He nodded his head up and down, very slowly.
“Okay, you’ll be first,” I said. “Anybody does something stupid, you get the first one.”
He smiled at me. I did my best to smile right back.
“What are you guys doing up here? Besides buying pills and beating people up?”
“Your buddy jumped us,” Brucie said. “What are we supposed to do?”
“Shut up, Brucie,” Cap said.
“I’m just saying.”
“Don’t even try.
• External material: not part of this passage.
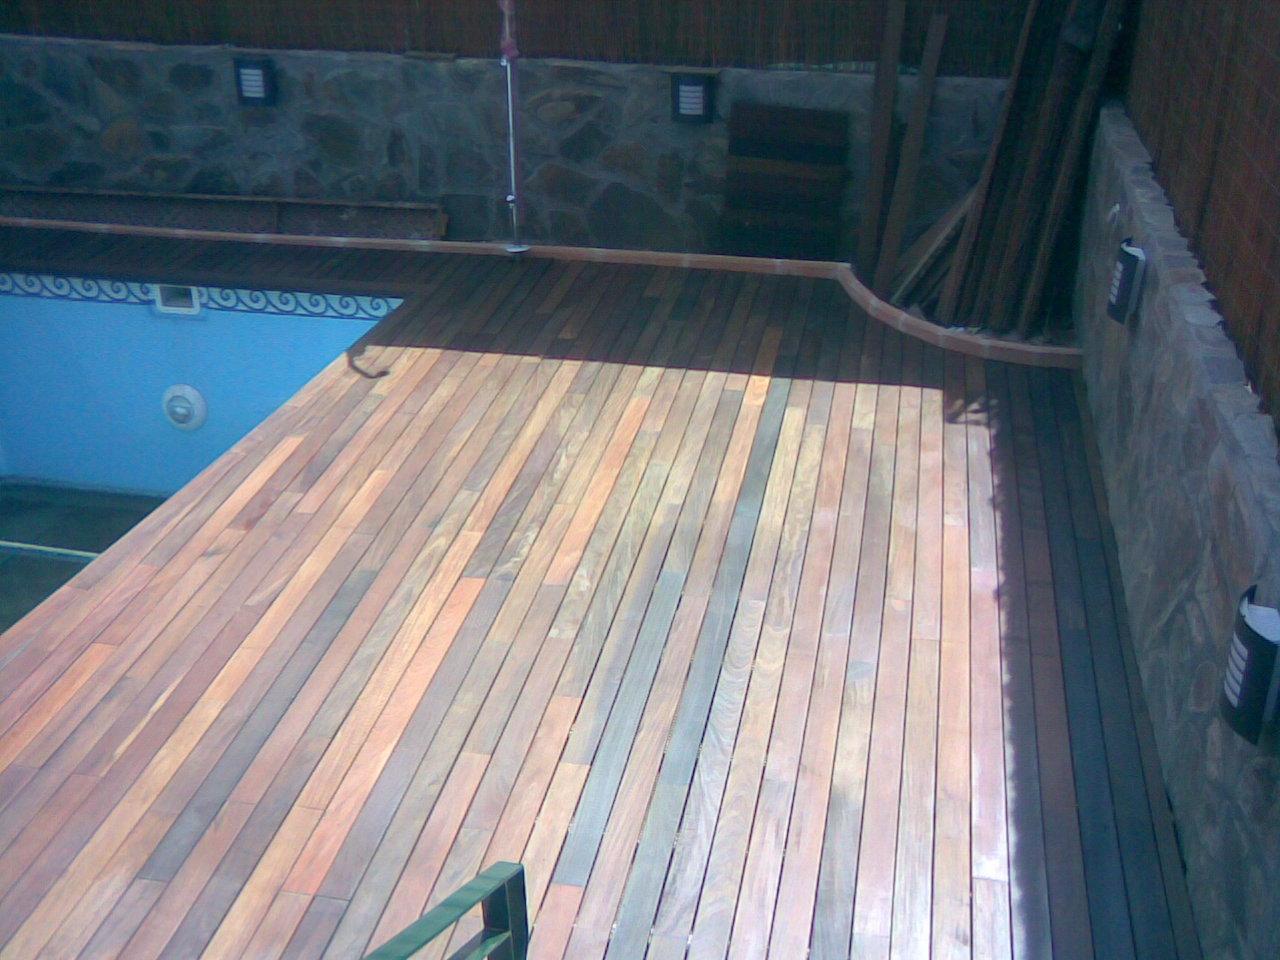 https://topmadera.com/wp-content/uploads/instalacion-de-madera-de-ipe-exterior-en-piscina-grapa-vista-serranillos-del-valle.jpg

I’ll do the talking here.”
“All right,” I said, “let’s try to focus, guys. We need to come to an understanding here. The next time you’re thinking about coming up to one of the reservations, or to Sault Ste. Marie, or hell, let’s just say anywhere in Chippewa County…”
“You got us all wrong,” Cap said. “We’re just some guys on vacation.”
I pointed the gun at him. “How about this, Cap? The next time you say that, I’m going to shoot you in the face. Do you really want to give me an excuse? Because I’ll do it with great pleasure, believe me.”
He looked at me for a long, long moment. Brucie was staring at the gun in my hand. Harry looked like he was about to be sick.
“Okay, here’s your problem,” Cap said. He sat back in his seat and ran his hands together. “You’re not convincing at all. I mean, just listen to you…” He slid into an exaggerated Yooper accent. “‘One false move, I shoot you, eh?’ It doesn’t work.”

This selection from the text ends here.